+++ Dataset excerpts
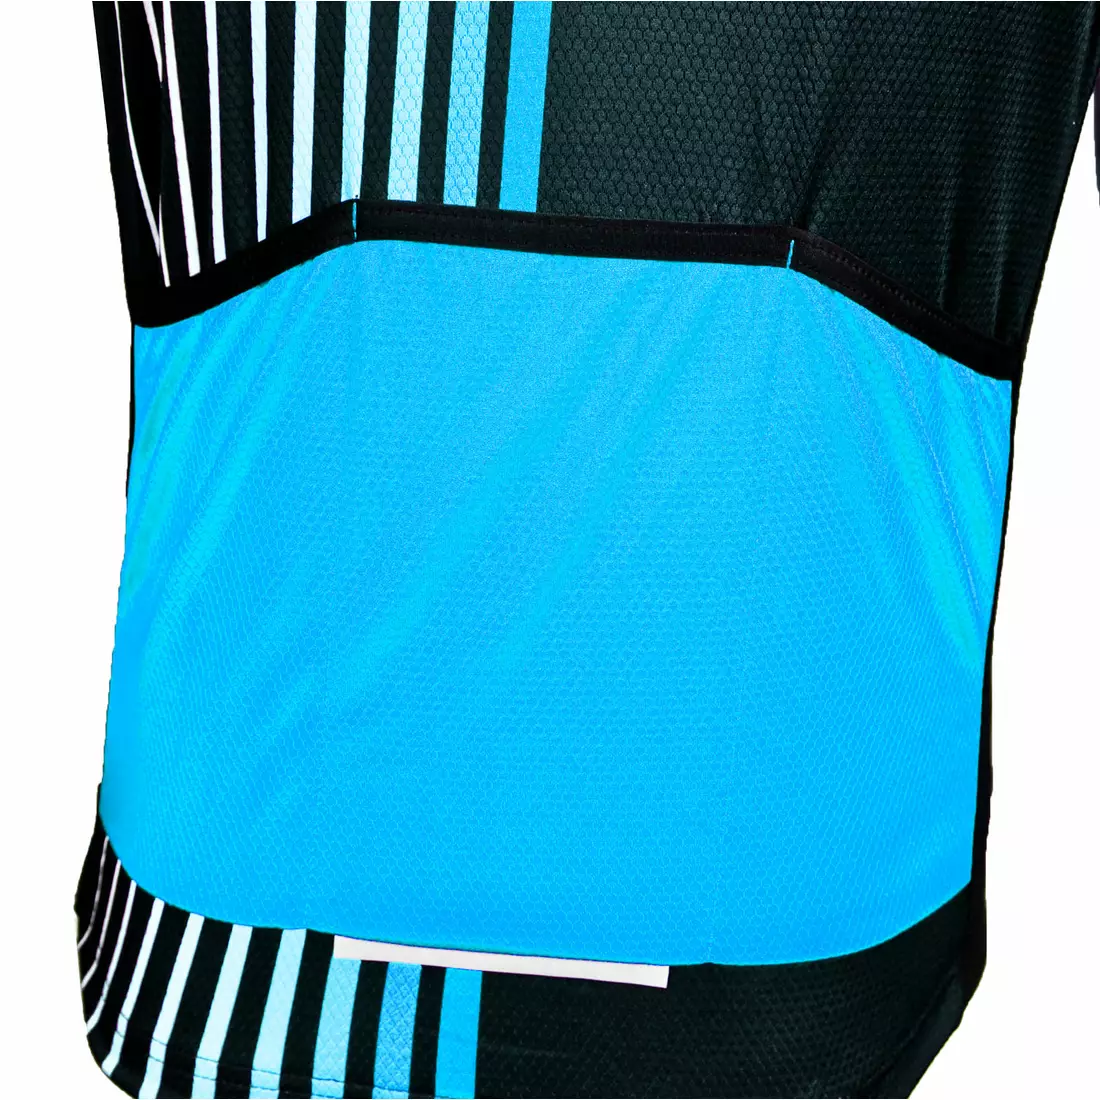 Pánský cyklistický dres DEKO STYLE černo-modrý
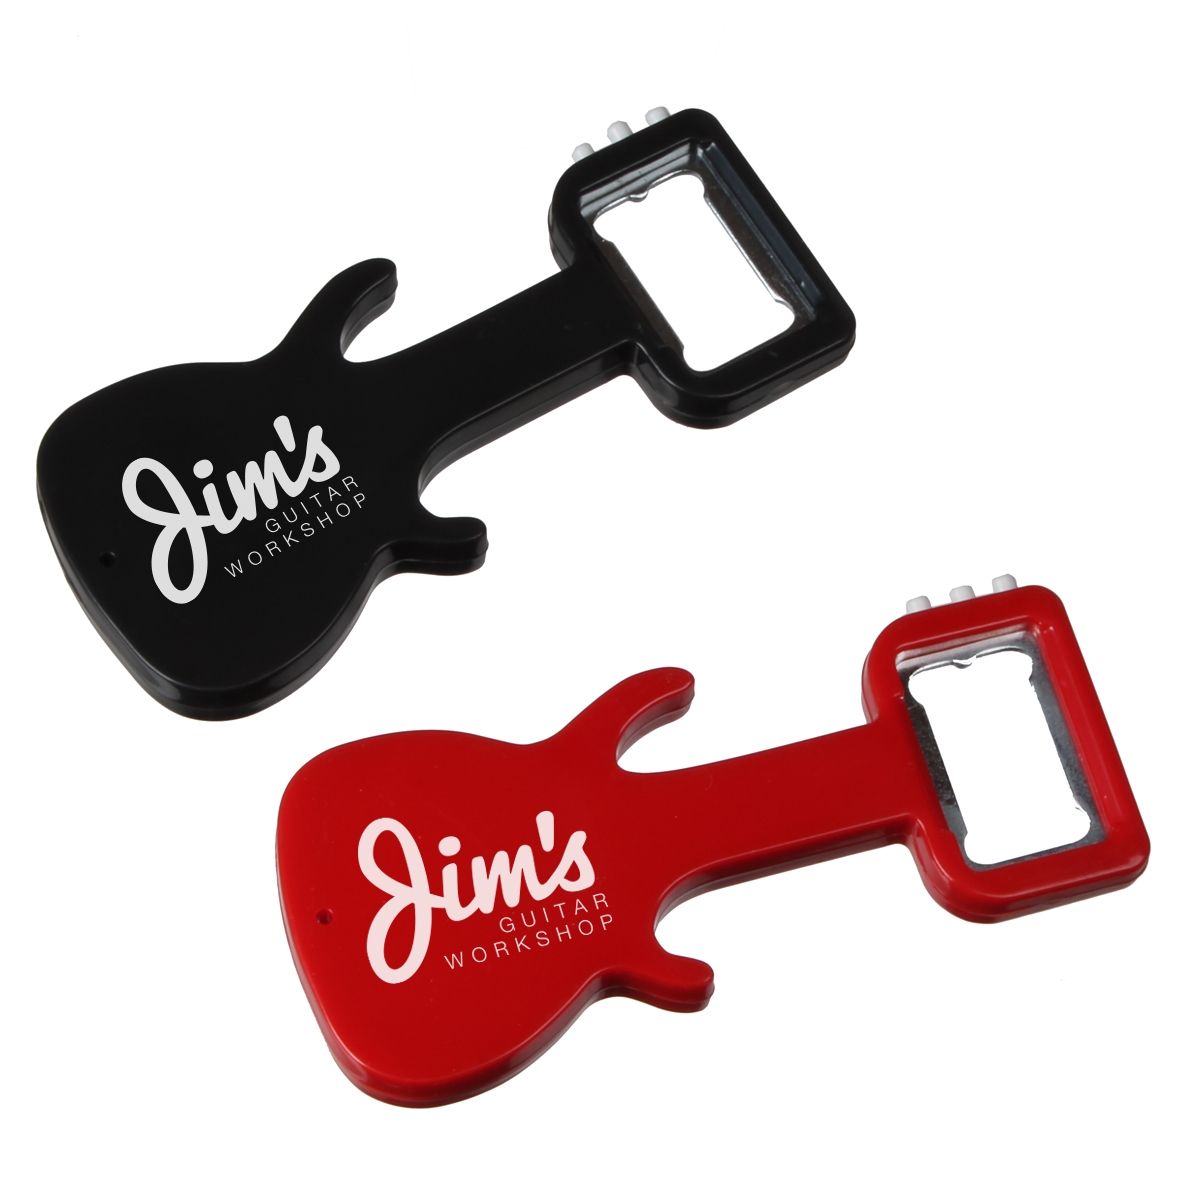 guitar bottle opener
++++++
+++ Dataset excerpts
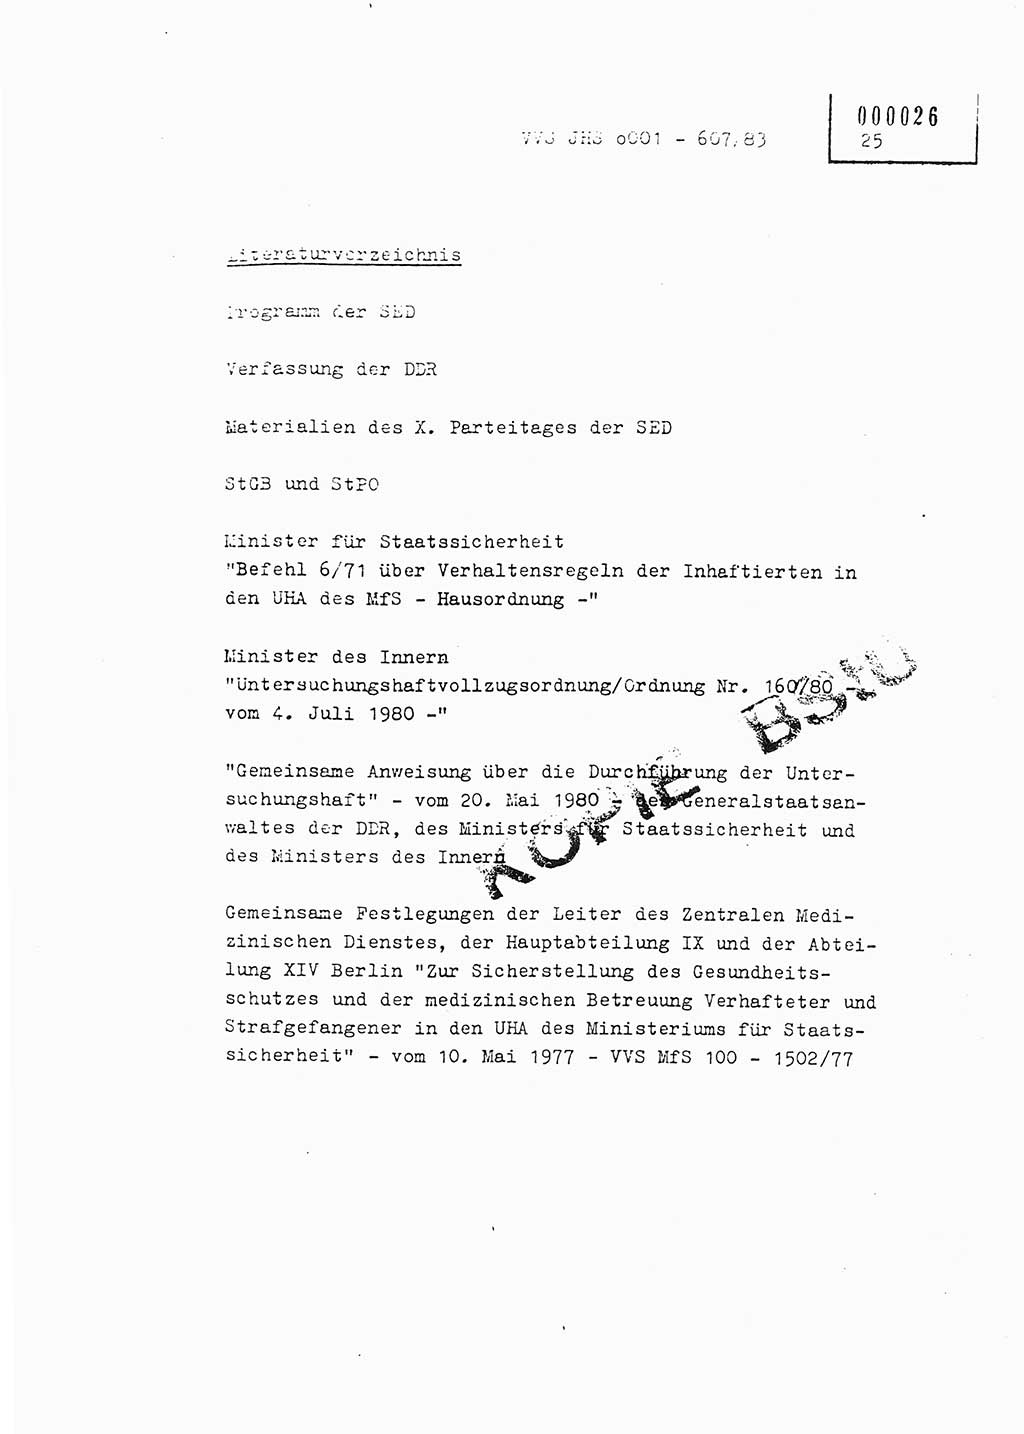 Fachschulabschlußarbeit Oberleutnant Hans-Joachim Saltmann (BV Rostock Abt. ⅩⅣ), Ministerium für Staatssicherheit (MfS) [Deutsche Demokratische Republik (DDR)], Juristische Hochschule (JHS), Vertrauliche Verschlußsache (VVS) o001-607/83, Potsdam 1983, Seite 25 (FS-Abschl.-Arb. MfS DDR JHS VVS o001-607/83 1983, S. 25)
++++++
+++ Dataset excerpts
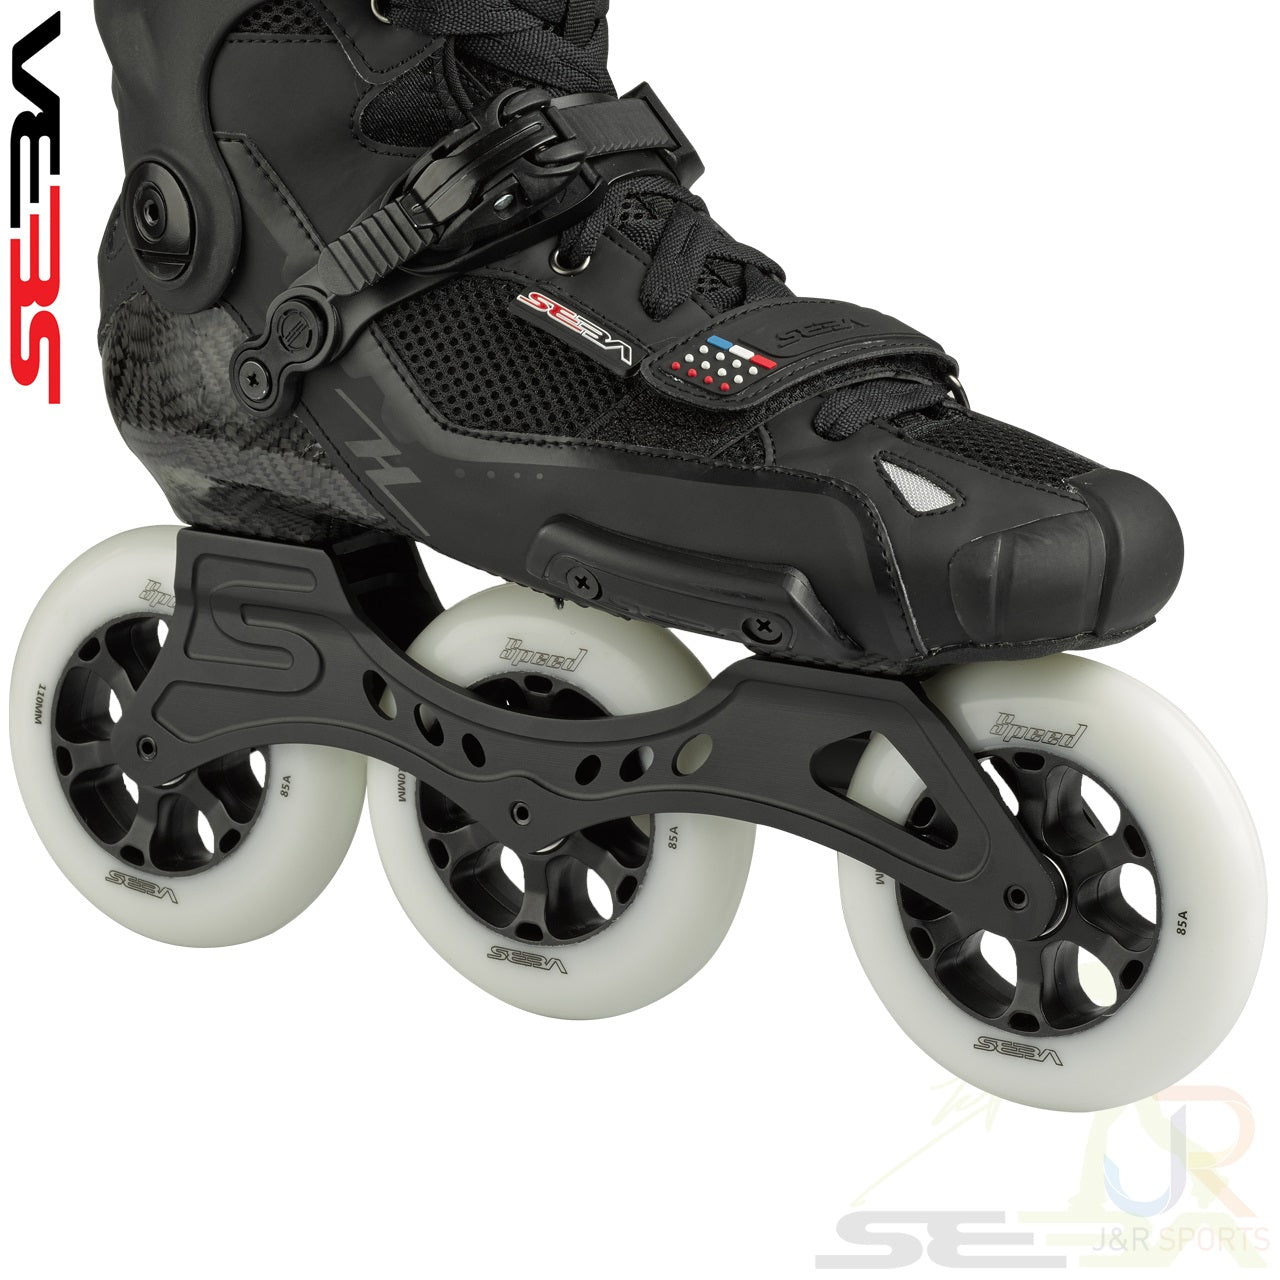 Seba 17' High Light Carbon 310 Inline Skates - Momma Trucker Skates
++++++
Given the listing above, repeat exactly the lines starting at the one with "Pánský cyklistický dres" and ending at the one with "guitar bottle opener", inclusive, excluding pictures.

Result of this exercise -
 Pánský cyklistický dres DEKO STYLE černo-modrý
 guitar bottle opener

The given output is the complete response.